Summary
affirming a sentence as not plainly unreasonable, because "[t]he sentence was well within the six-month period of imprisonment [the defendant] faced and was a valid exercise of [the judge's] discretion"
Summary of this case from United States v. WebbOpinion
Criminal No. PJM 07-0163.
April 25, 2007
MEMORANDUM OPINION
William Orleans appeals Magistrate Judge DiGirolamo's March 21, 2007 ruling sentencing him to sixty days of incarceration for violation of probation. Orleans' counsel has now filed a brief pursuant to Anders v. California, 386 U.S. 738, indicating that there are no non-frivolous issues for appeal. Further, the Government has moved to dismiss the appeal as untimely. The Court DENIES the Government's Motion to Dismiss, but AFFIRMS Judge DiGirolamo's decision.
I.
On May 11, 2003, William Orleans was arrested by the United States Park Police for drunk driving and related charges. On April 24, 2004, before Magistrate Judge DiGirolamo, Orleans plead guilty to driving under the influence of alcohol in violation of 36 C.F.R. § 1.3(a).

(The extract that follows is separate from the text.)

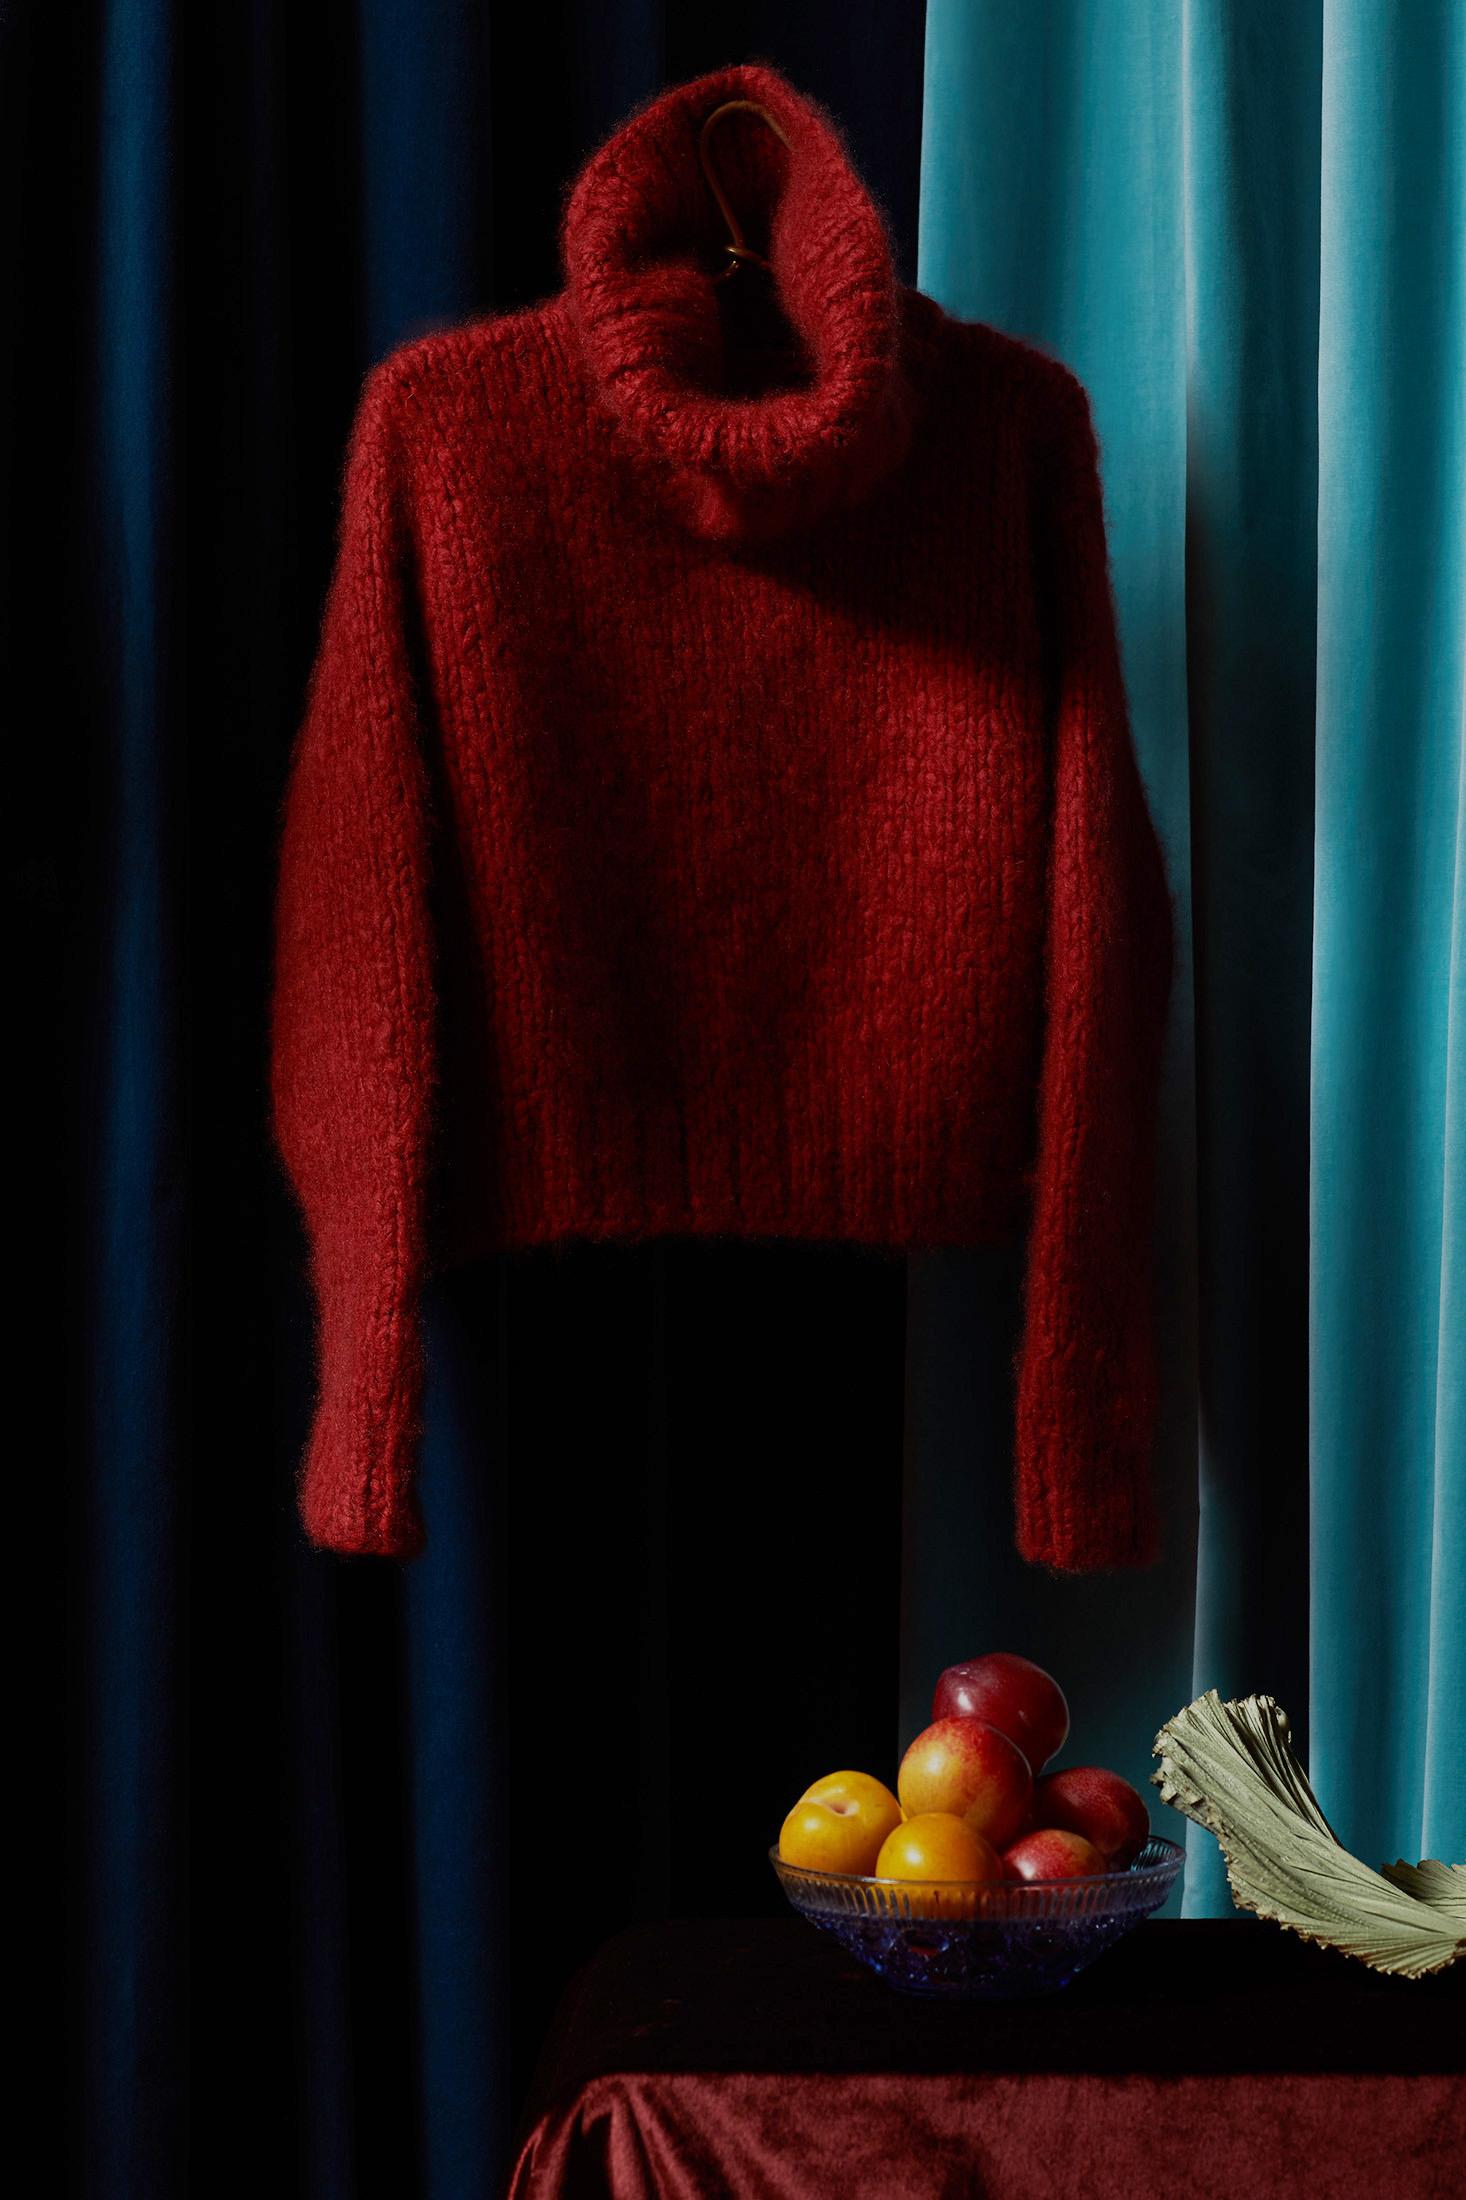 01_IAS_Red_Sweater_StillLife_033.jpg
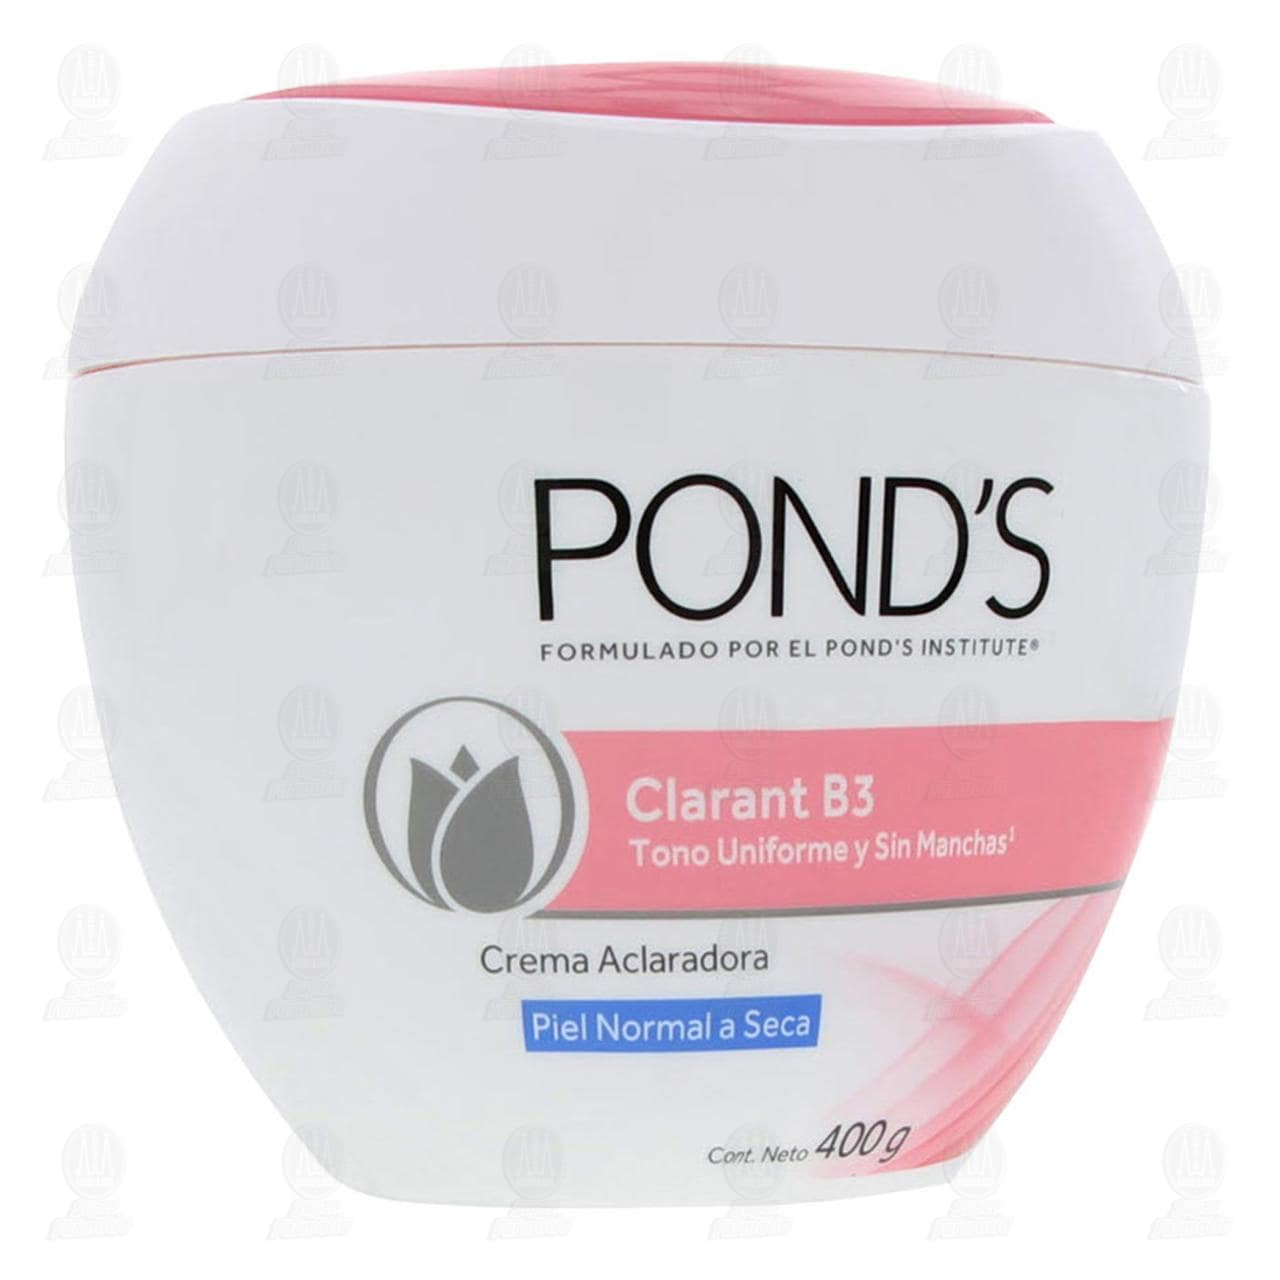 Comprar Crema Facial Pond's Clarant B3 para Piel Normal a Seca, 400 gr. en Farmacias Guadalajara

At sentencing on June 16, 2004, Judge DiGirolamo imposed three years probation, including the following conditions: sixty days home detention, seventy-five hours community service, substance abuse counseling, and an ignition interlock if Orleans obtained a valid driver's license.
Because Orleans did not complete his community service, he appeared in court on a violation of probation charge in October 2006. Orleans admitted the violation and Judge DiGirolamo sentenced him to the same probationary period, but required him to perform an additional twenty-five hours of community service and to complete all community service by May 1, 2007.

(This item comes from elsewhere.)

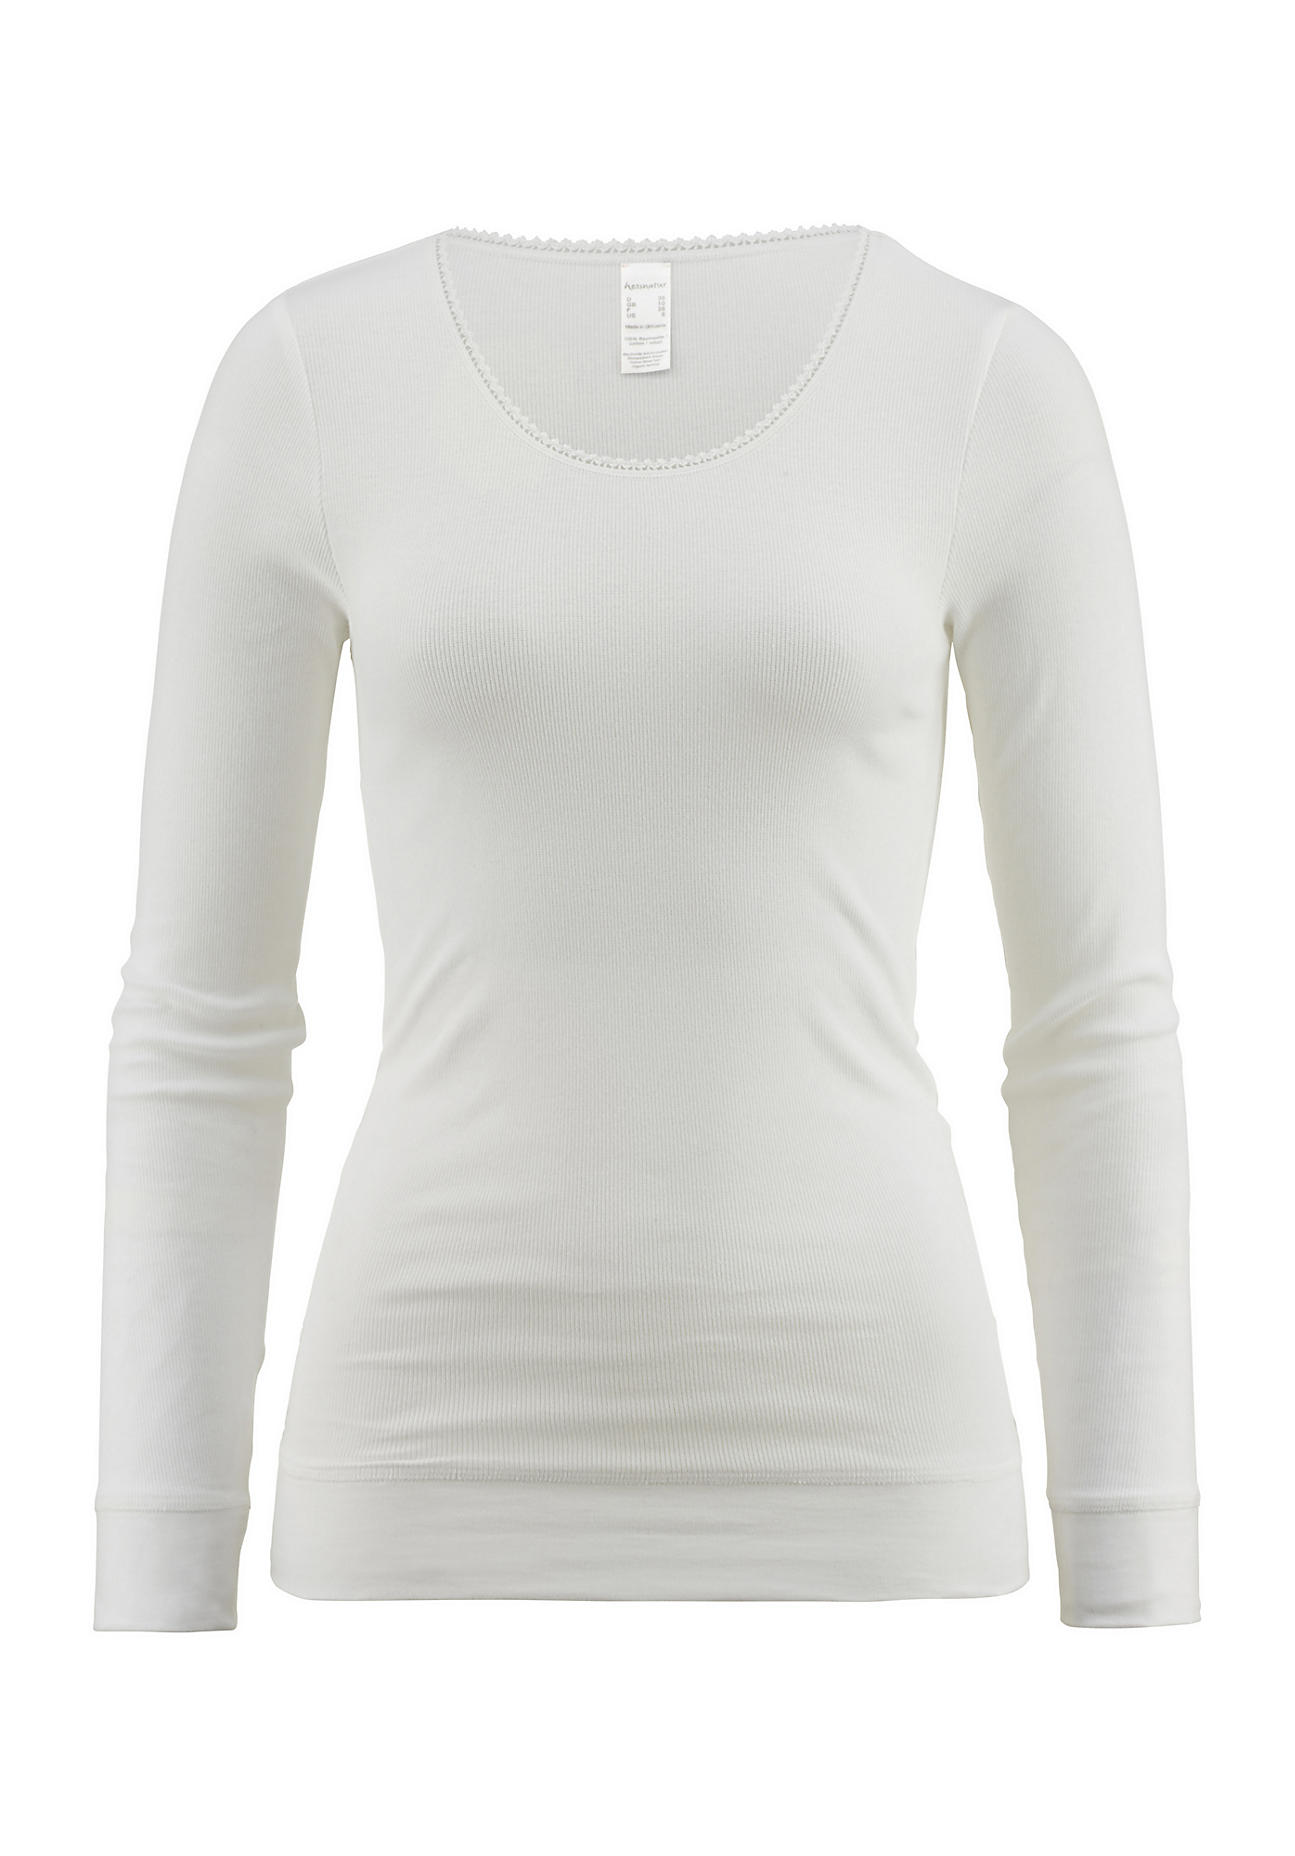 hessnatur Damen Langarm-Shirt aus Bio-Baumwolle – weiß – Größe 46   Bekleidung > Shirts > Langarmshirts   hessnatur

On March 21, 2007, Orleans was again before Judge DiGirolamo on violation of probation charges, this time for driving and acquiring new driving offenses despite the fact that he did not have valid driving privileges. Orleans admitted the violation and conceded that probation should be revoked and imprisonment imposed, but asked that the sentence begin after a civil case that he was litigating went to trial in late May. Judge DiGirolamo sentenced Orleans to a period of sixty days incarceration, revoked probation and ordered that Orleans be taken into custody immediately.
On April 4, 2007, fourteen calendar days after sentence was imposed, Orleans filed his appeal of the sentence. On April 11, 2007, defense counsel filed an Anders brief.
II.
The Government has moved to dismiss the appeal as untimely, on the grounds that Fed.R.Crim.P. 58(g)(2)(B) requires that a defendant's notice of appeal be filed within ten days after entry of judgment. This appeal period is jurisdictional. See Browder v. Director, Dep't of Corrections, 434 U.S. 257, 264 (1978). Defense counsel opposes dismissal, arguing that Fed.R.Crim.P. 45 states that, for the purposes of calculating time, "intermediate Saturdays, Sundays, and legal holidays [should be excluded] when the period is less than 11 days." In this case, the period from March 21, 2007 to April 4, 2007 included two Saturdays and two Sundays, which are excluded from the calculation because the appeal period is less than eleven days. Thus, though fourteen calendar days passed, the appeal is considered filed within the ten-day deadline. Accordingly, the Government's Motion to Dismiss is DENIED.
III.
A reviewing court may not reverse the trial court simply because it would have decided the case differently. United States v. Orme, 51 F.3d 269 (4th Cir. 1995), citing Anderson v. Bessemer City, 470 U.S. 564 (1985). "Generally, a sentence, if within the statutory limits, is not subject to review." United States v. Bernard, 757 F.2d 1439, 1444 (4th Cir. 1985), citing United States v. Tucker, 404 U.S. 443 (1972). 18 U.S.C. § 3742(e) (2004) limits appeals to two grounds for Class B misdemeanors and other crimes with no sentencing guidelines: (1) whether the sentence was imposed in violation of law and (2) whether it was "plainly unreasonable." United States v. Anderson, 787 F. Supp. 537 (D. Md. 1992). If neither ground exists, the sentence must be affirmed. Id., citing 18 U.S.C. § 3742(f)(3).Judge DiGirolamo's imposition of a sixty-day sentence was neither in violation of law, nor "plainly unreasonable." The sentence was well within the six-month period of imprisonment Orleans faced and was a valid exercise of Judge DiGirolamo's discretion. Moreover, defense counsel admits that the sentence was not plainly unreasonable. Orleans was appearing before Judge DiGirolamo on his second violation of probation charge. Orleans admitted the numerous violations and his reason for postponing imprisonment — to do legal research for his pending civil matter — is not sufficiently compelling that the sentence imposed was "plainly unreasonable."
IV.
For the foregoing reasons, the Court DENIES the Government's Motion to Dismiss the Appeal and AFFIRMS the judgment and sentence entered by Magistrate Judge DiGirolamo on March 21, 2007.
A separate ORDER accompanies this Memorandum Opinion.